Objectives Transcatheter closure of ventricular septal defects (VSD) has become a promising treatment alternative to surgery in the past decade. However, excessive risk of post-procedural arrhythmias pose a major challenge for broad utilising of this technology. In order to explore the mechanism associated with post-procedural arrhythmias and decrease the risk, we evaluated the relationship between different waist-length occluders and incidence of post- procedural arrhythmias.
Methods In this retrospective study, 819 VSD patients who had been treated with transcatheter occluders in our centre from December 2001 to December 2010 were evaluated. Patients were treated in two groups, short-waist group and long-waist group, based on different waist-sized occluders used in the transcatheter procedures. Transthoratic echocardiographic (TTE) and left ventricular angiography were performed before and after occluder deployment to confirm no residual shunt and aortic valve regurgitation. All patients were followed up at 1, 3, 6, and 12 months after the procedure and once a year thereafter. Clinical examinations, electrocardiagraphy (ECG), and TTE were conducted during the follow up visits.
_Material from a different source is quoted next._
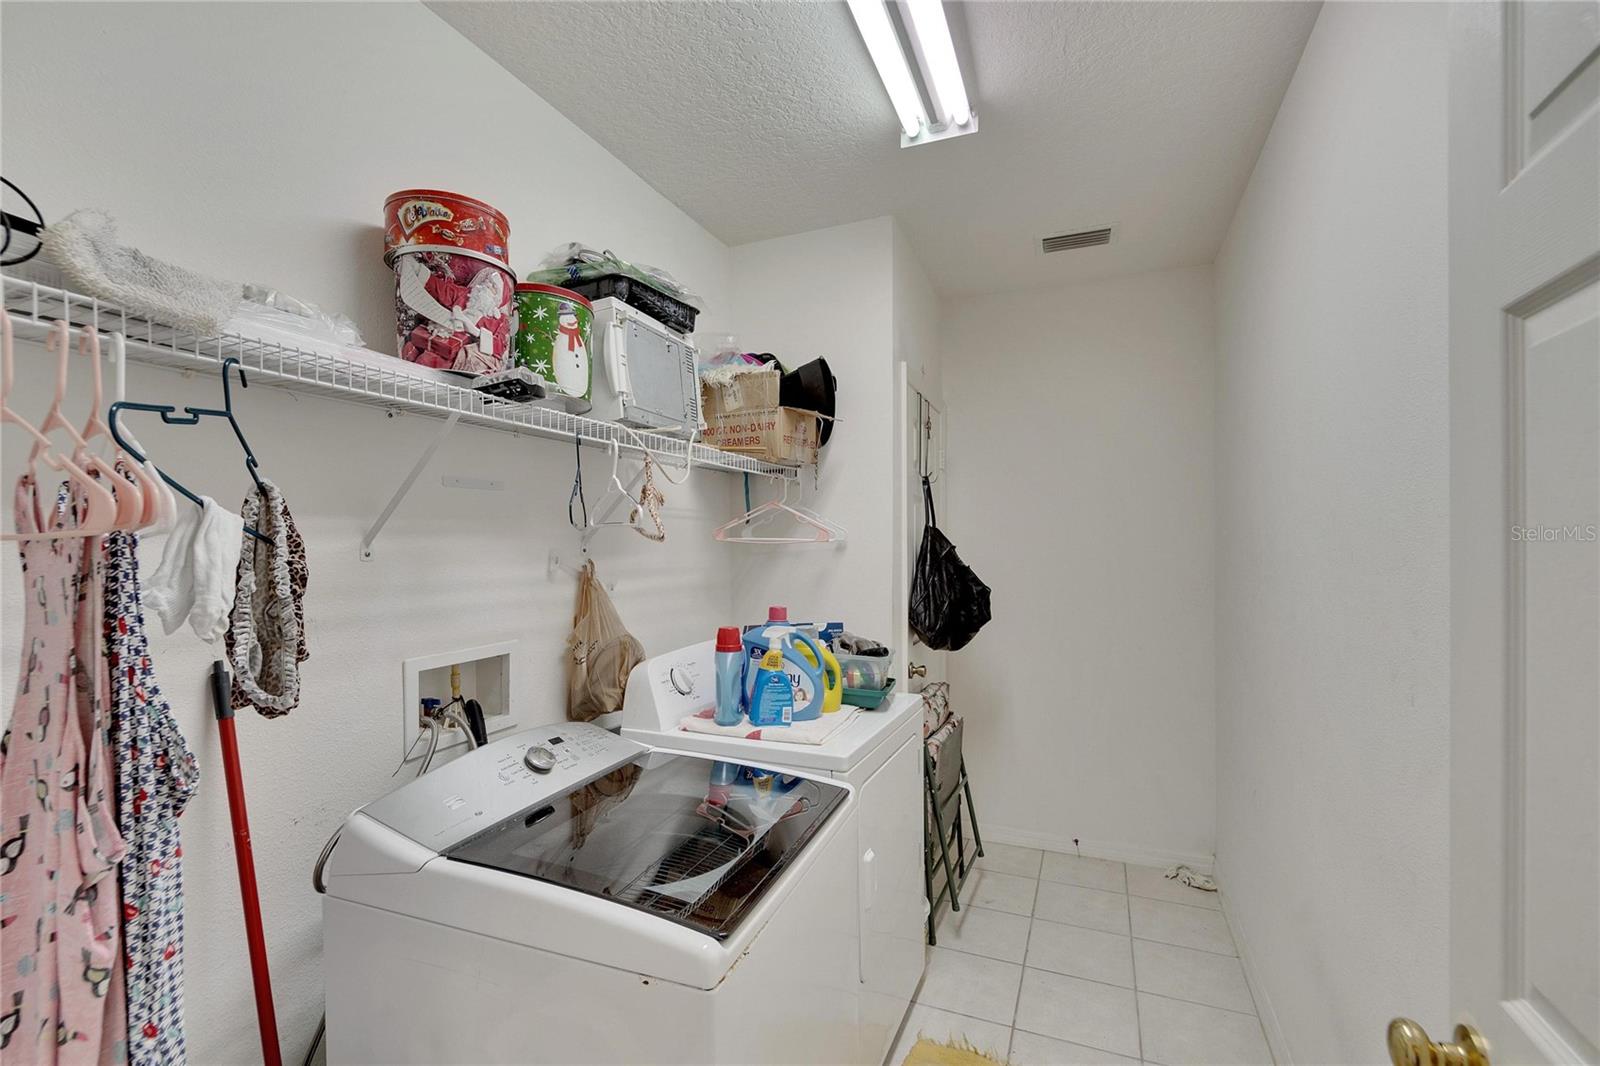 Laundry Room with Closet
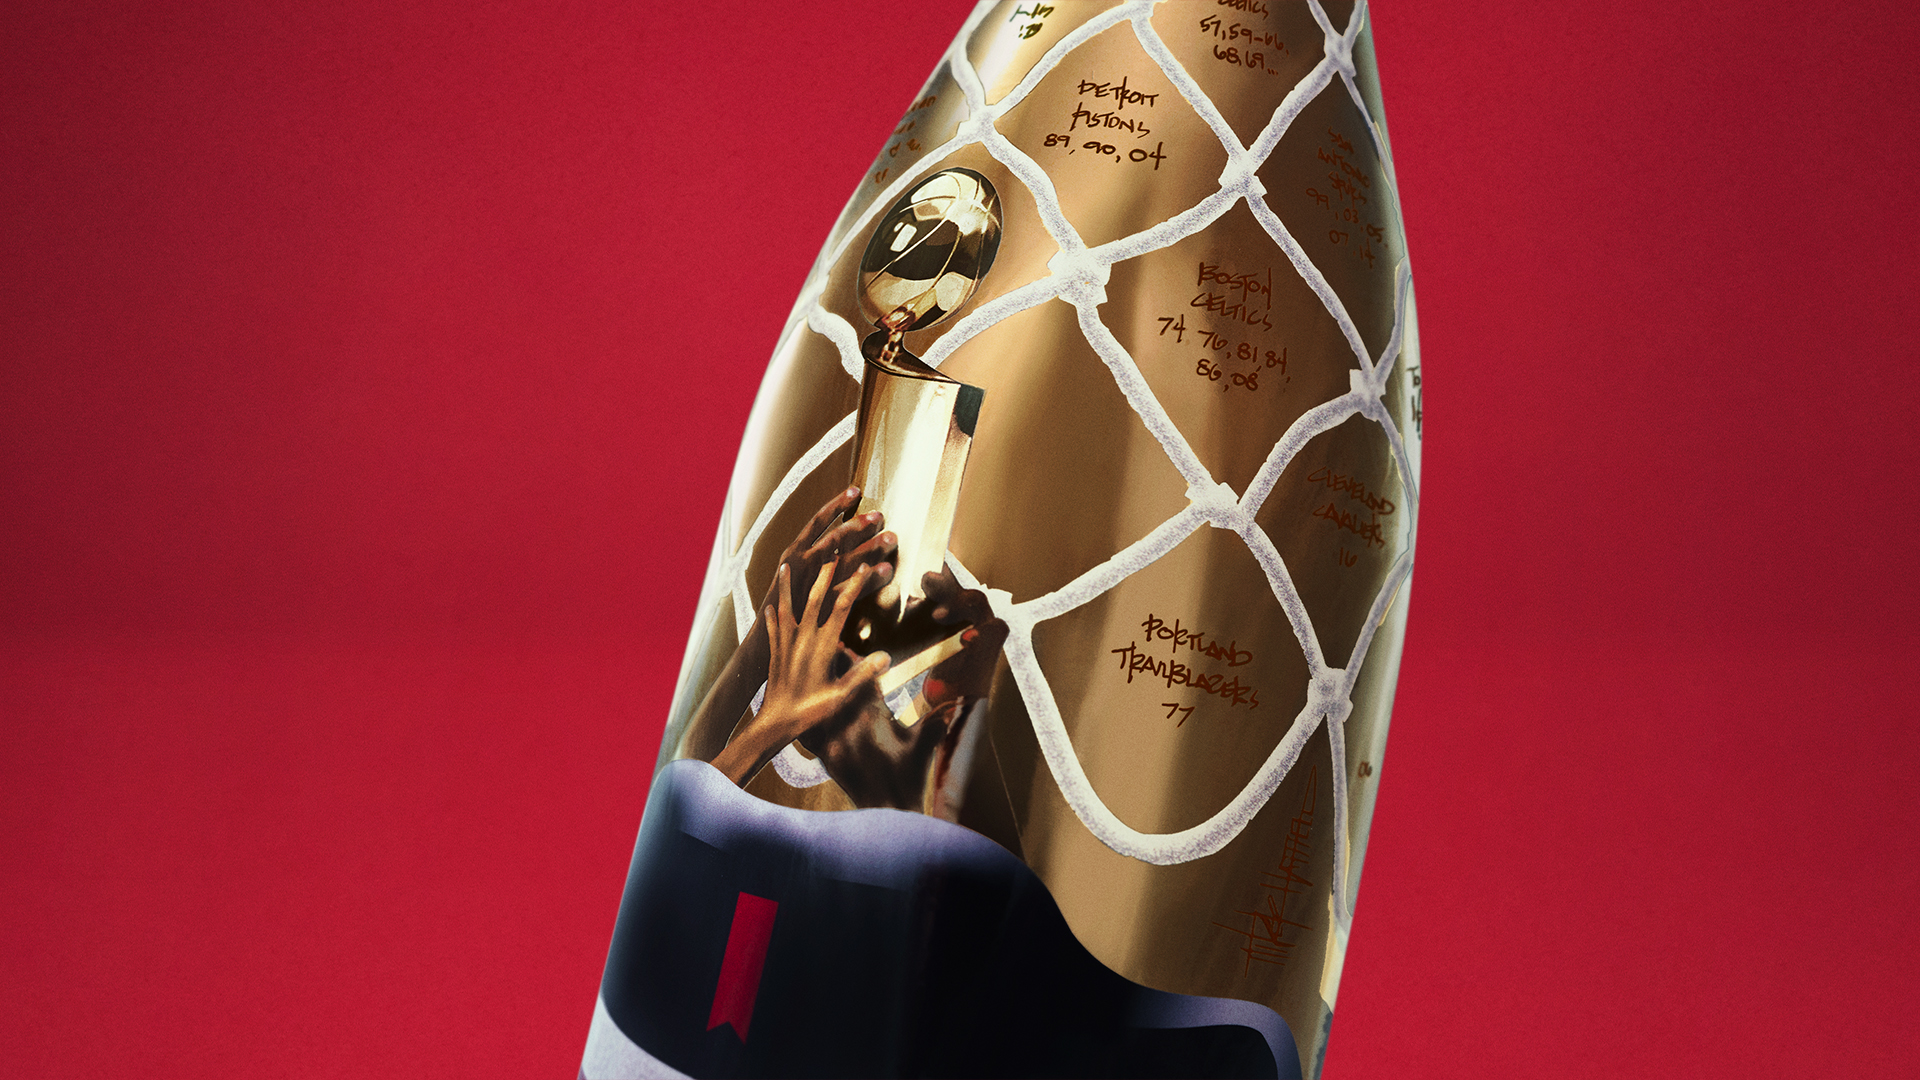 Michelob, Tinker Hatfield Unveil Exclusive NBA Championship Bottle

Results From December 2001 to December 2010, 234 patients had been deployed short-waist occluders (1.8 mm) and 571 had long-waist occluders (3.5 mm). 98.3% (805/819) of the patients, 98.7% in the short-waist group and 97.9% in the long-waist group, had successful closure of VSD during the procedure. Double-disc occluders were used in both treatment groups. No baseline characteristics in two groups, such as age, gender, body weight affect the treatment results. Average follow-up period was 35 months (34.2±21.9). Patients treated with long-waist occluders had significantly less arrhythmias, including complete right bundle branch block (CRBBB), complete left bundle branch block (CLBBB), incomplete right bundle branch block (IRBBB), left anterior bundle branch block (LABBB), junctional tachycardia, or complete atrial ventricular block (cAVB) than that in the short-waist group (p=0.001). Particularly, 7 (3.0%) patients in the short-waist group had cAVB and 3 (1.3%) required permanent pace-maker insertion. In the long-waist group, 4 (0.7%) patients had cAVB and 1 (0.18%) had permanent pace-maker placement. The difference was statistically significant (p=0.017). Other complications in addition to post-operative arrhythmias were also monitored after the procedure. In short-waist group, incidence of other complications, such as haemolysis, groin haematoma, residual shunt and valve regurgitation, was 31.6% (74 patients). In the long-waist group, the incidence was numerically lower. 140 patients (24.5%) had complications mentioned above. The differences between two groups are not statistically significant (p=0.091). After in-hospital medical management, groin haematoma and hemalysis were disappeared in all patients. In 1-year follow all residual shunt were recovered. 21 (9.0%) patients in short-waist group had minor or minimal valve regurgitation, while in long-waist group, 64 (11.2%) patients had such complications. No statistical significant differences were noted between two groups (p=0.379).
Conclusions Waist-length of VSDOs might be related to post-procedural severe AVB in congenital VSD patients underwent transcatheter occlusion.